Up until now, I have only used my Baharat spice in braised chicken dishes (cooked in liquid): braised beef and braised lamb. When I created this recipe, I tried it both grilled and baked in the oven. I was most pleased with both methods of preparation actually. Very tasty both ways! In Iraq, they would likely use whole, cut-up chicken pieces as I don’t think Cornish hens are available there. I especially like to use Cornish hens for serving company, if I can get them, simply for the cute visual impact on the plate. The meat doesn’t taste one bit different than larger chicken. This recipe would be very for preparing quail, dove or other wild game fowl as well.

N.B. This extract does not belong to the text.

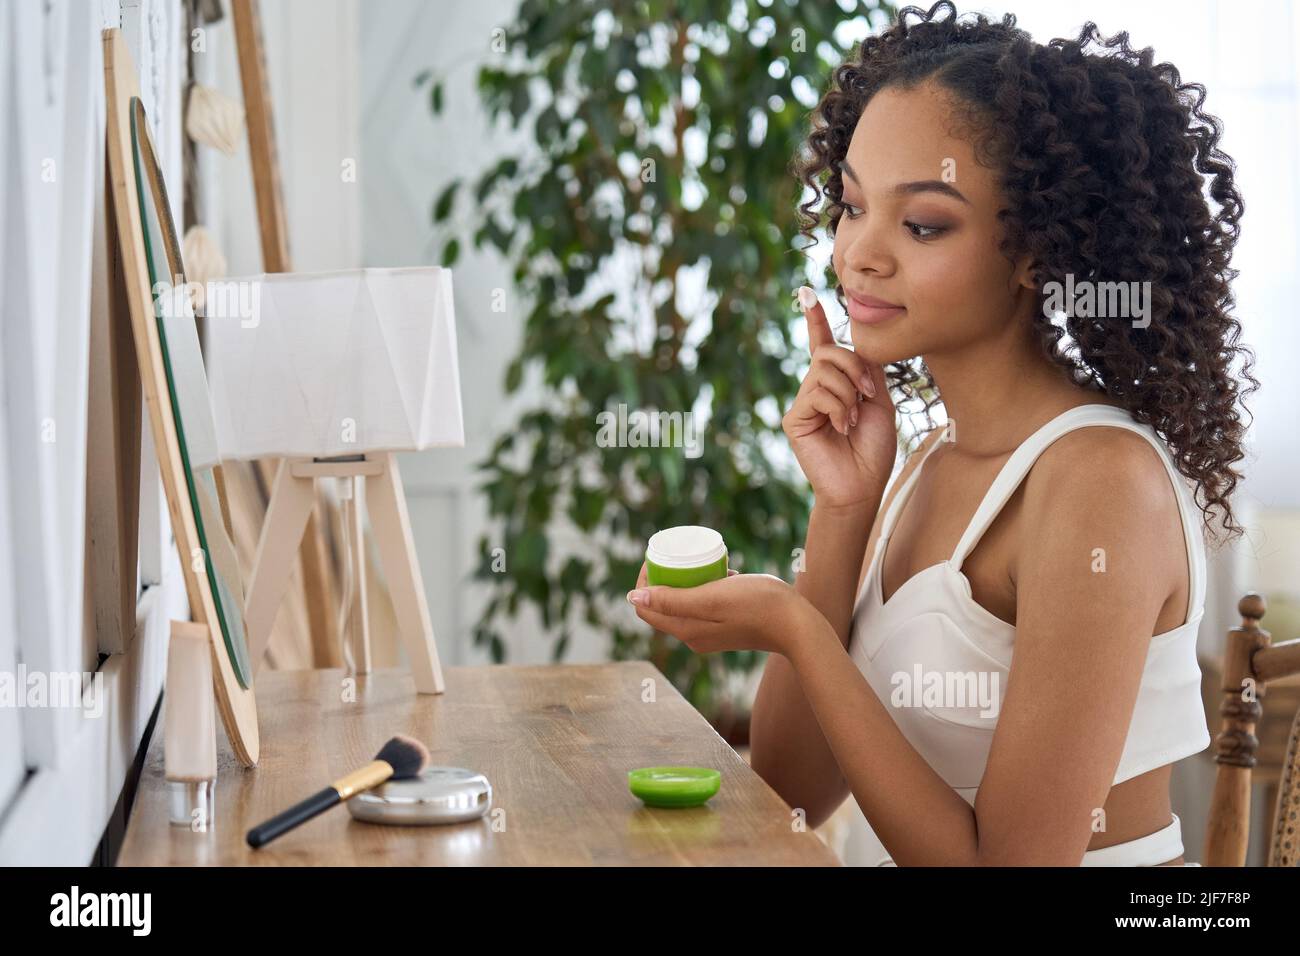 Chica afroamericana adolescente sentada mirando el espejo aplicando crema facial. Foto de stock

I allow a half a bird per person when buying your Cornish hens but make sure there is one half bird extra for a bigger eater. Most women and men will only eat ½ Cornish hen when two sides are served. I have seen a man with a hefty appetite eat a whole hen on one occasion. I have only done so once in my life, but it was a particularly small hen. If I fix 2 sides, ½ Cornish hen fills me right up. This recipe is suitable for all phases of Atkins, Keto diets, Primal and Paleo as well.
2 1-1¼ pound Cornish hens (or appropriate # pieces cut up chicken for 4 people)

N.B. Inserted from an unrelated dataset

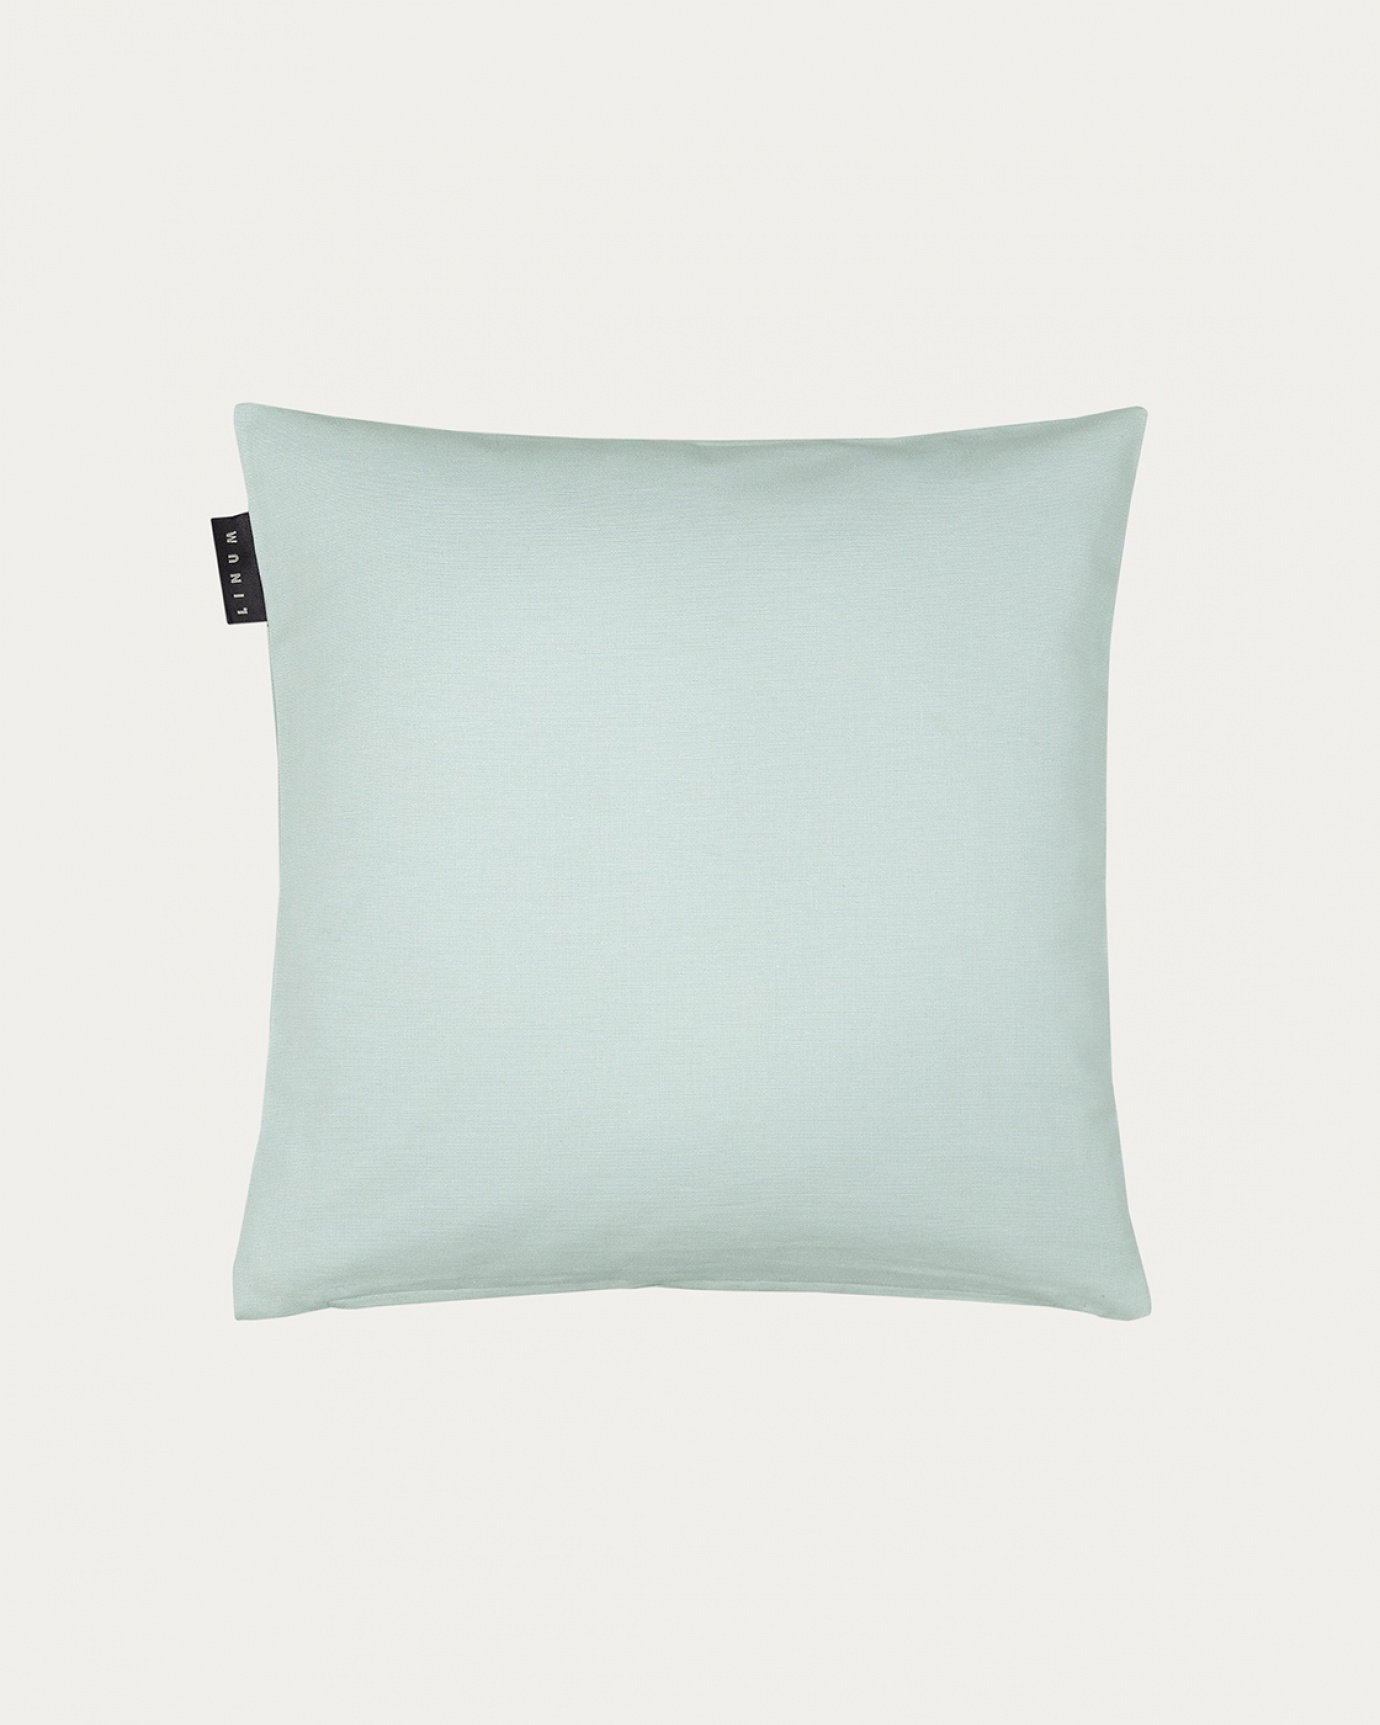 Image du produit housse de coussin ANNABELL vert clair glacé en coton doux de LINUM DESIGN. Taille 40 x 40 cm.

4 T. unsalted butter (use less if you need to cut calories)
1 tsp. my homemade Baharat Spice Blend
½ tsp. Aleppo pepper (or dried, ground ancho chile pepper)
1/4 tsp. onion powder
Optional: 1/2 tsp. sumac (if available)
DIRECTIONS: Preheat oven to 350º. Melt the butter in a saucer in the microwave. Stir in the spices to mix well. Split the hens in half up the back bone with a knife or kitchen shears. This technique is referred to as spatchcocking or butterflying the bird. If grilling, prepare the fire. When it is hot, place the pieces evenly (or butterflied Cornish Hens cut side down) on the grill. If baking them, place on a grate set inside a baking pan to catch juices.

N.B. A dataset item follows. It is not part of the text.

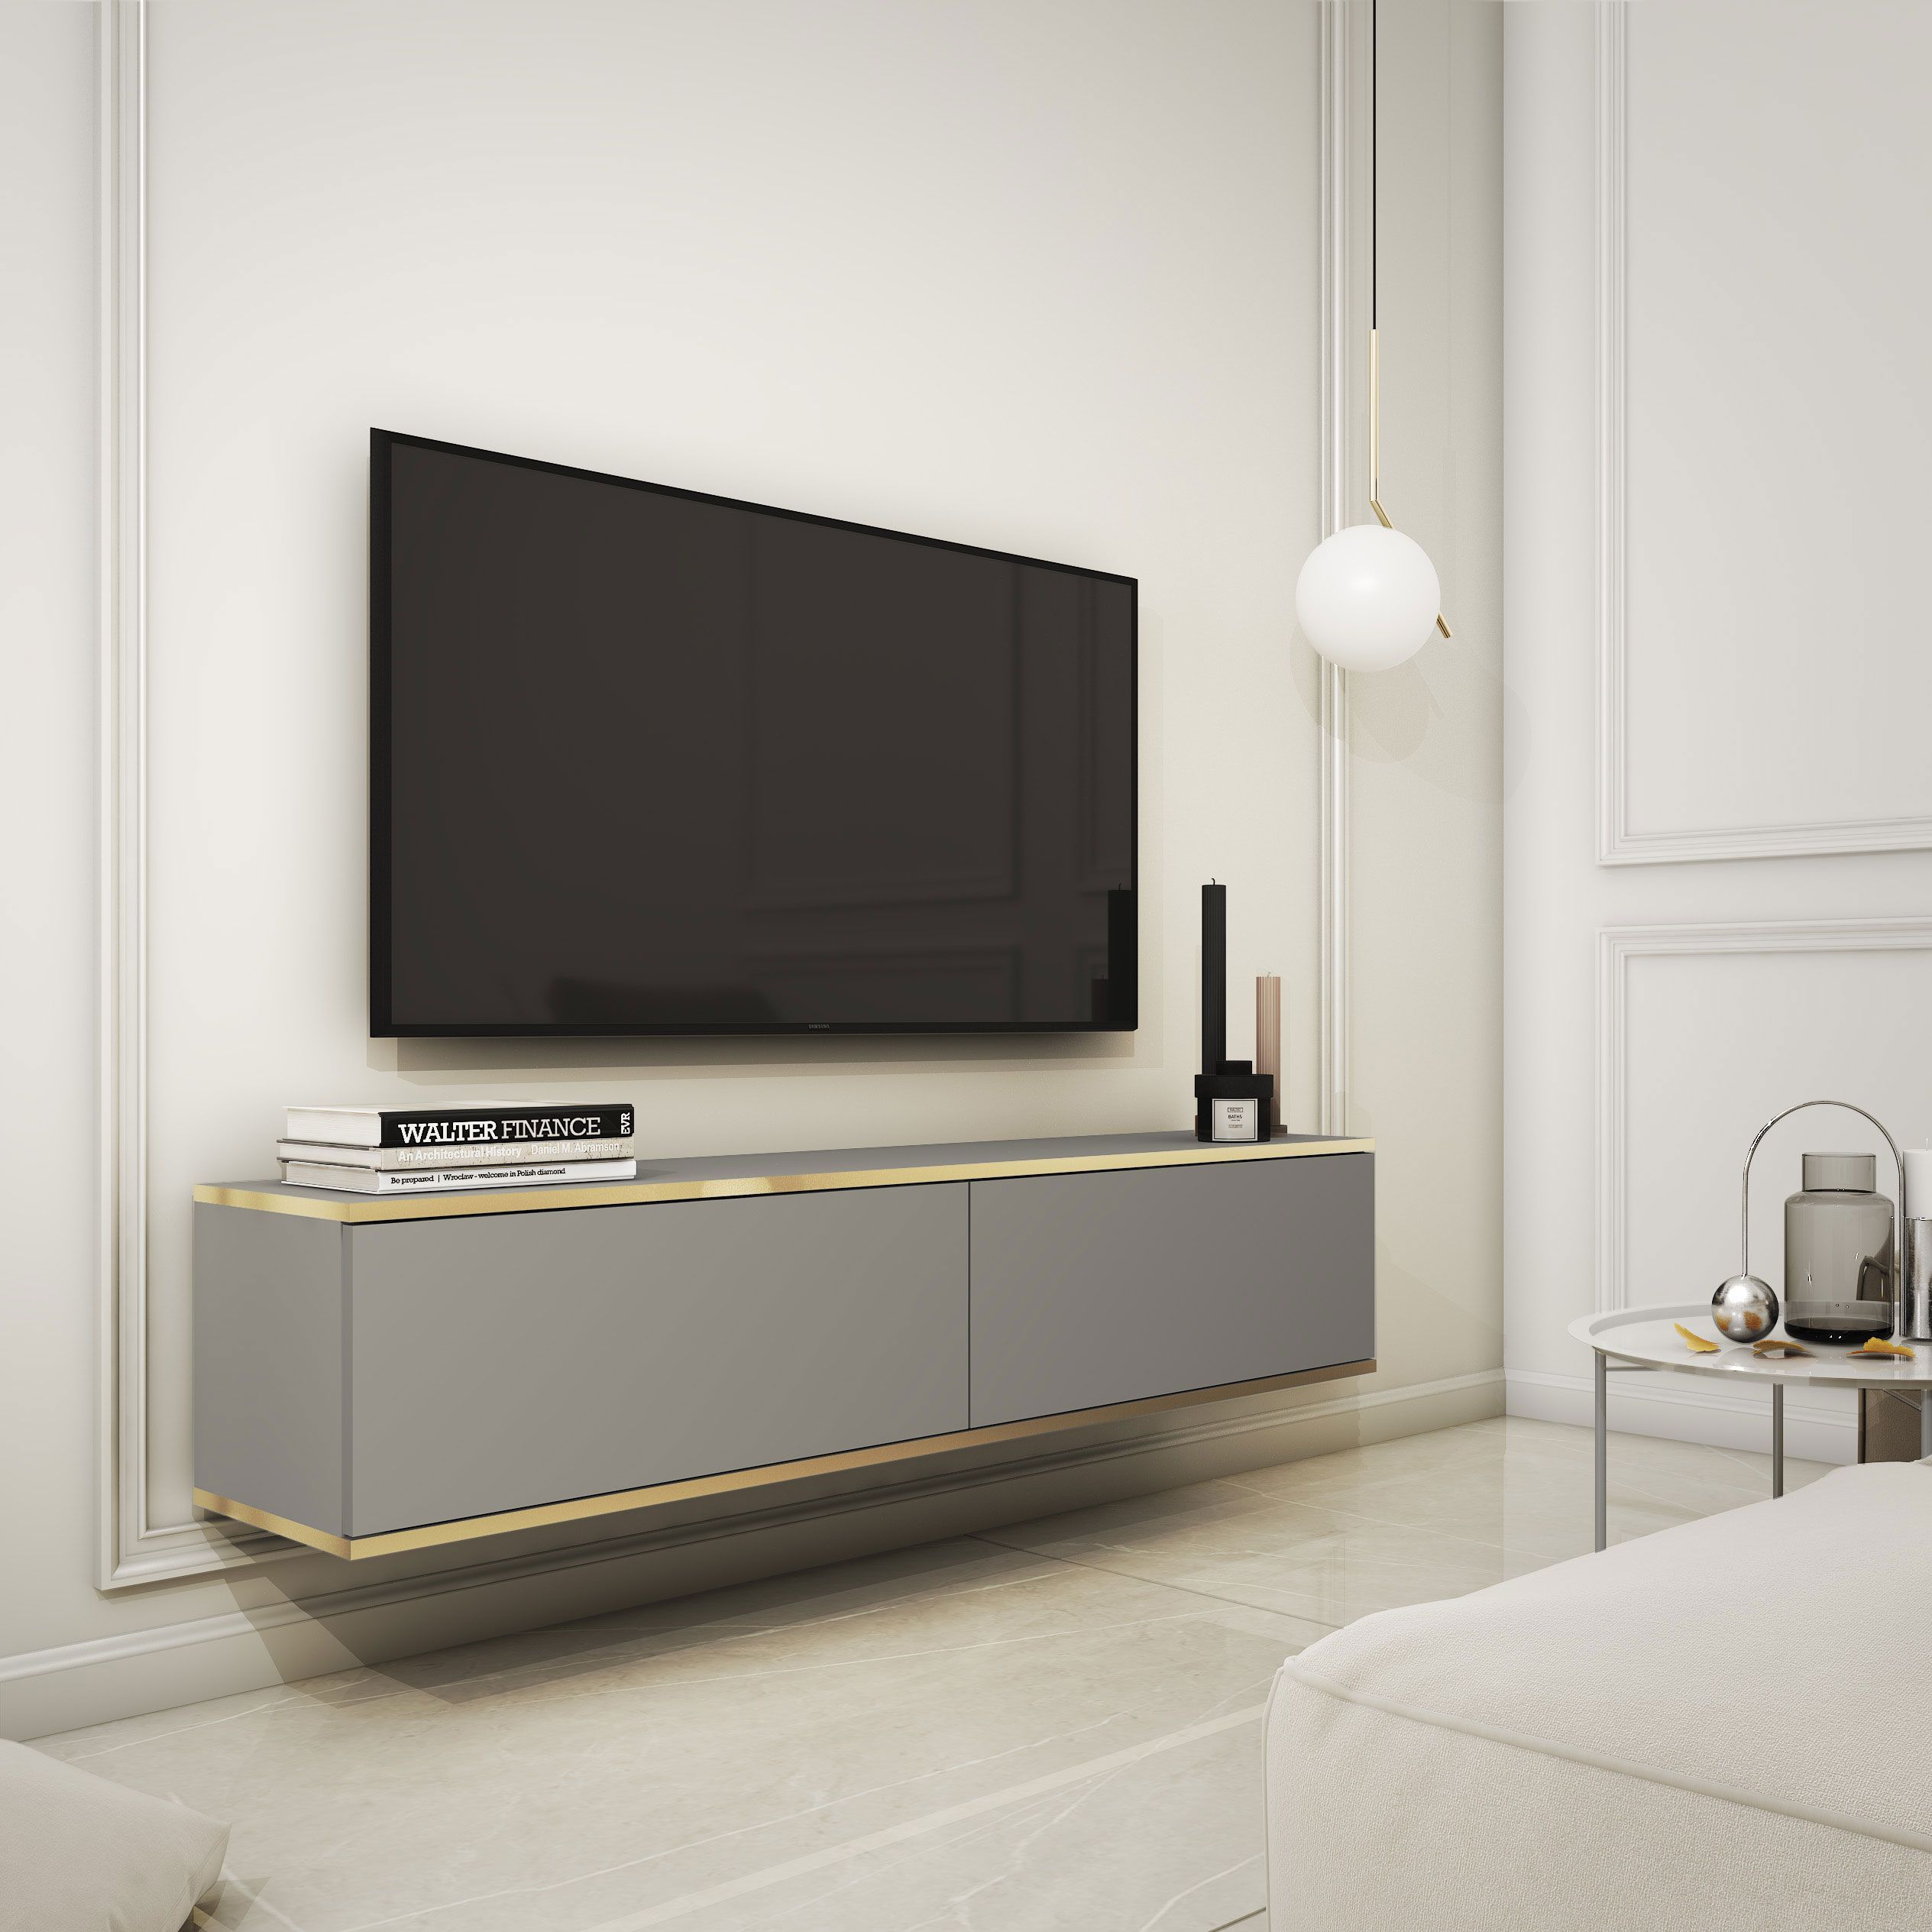 Meuble TV avec deux compartiments basculants Horsham 13, Couleur : Gris - Dimensions : 30 x 135 x 32 cm (H x L x P)

Using a brush, baste the hens well with the spice-butter mixture. If baking, pop pan into 350º oven and bake for 45 minutes. If grilling, turn once midway through cooking. Cook to internal temperature of 165º in the breast. Turn up oven to 375º and continue to roast for about 15 more minutes to brown the skin. Watch them closely this last 15 minutes, as ovens can vary. When a meat thermometer poked in the center of the breast meat reads 165º they are properly cooked. Remove from oven or grill and serve half a Cornish Hen to each person at the table to start off. Only the hardiest of eaters will eat more, most likely.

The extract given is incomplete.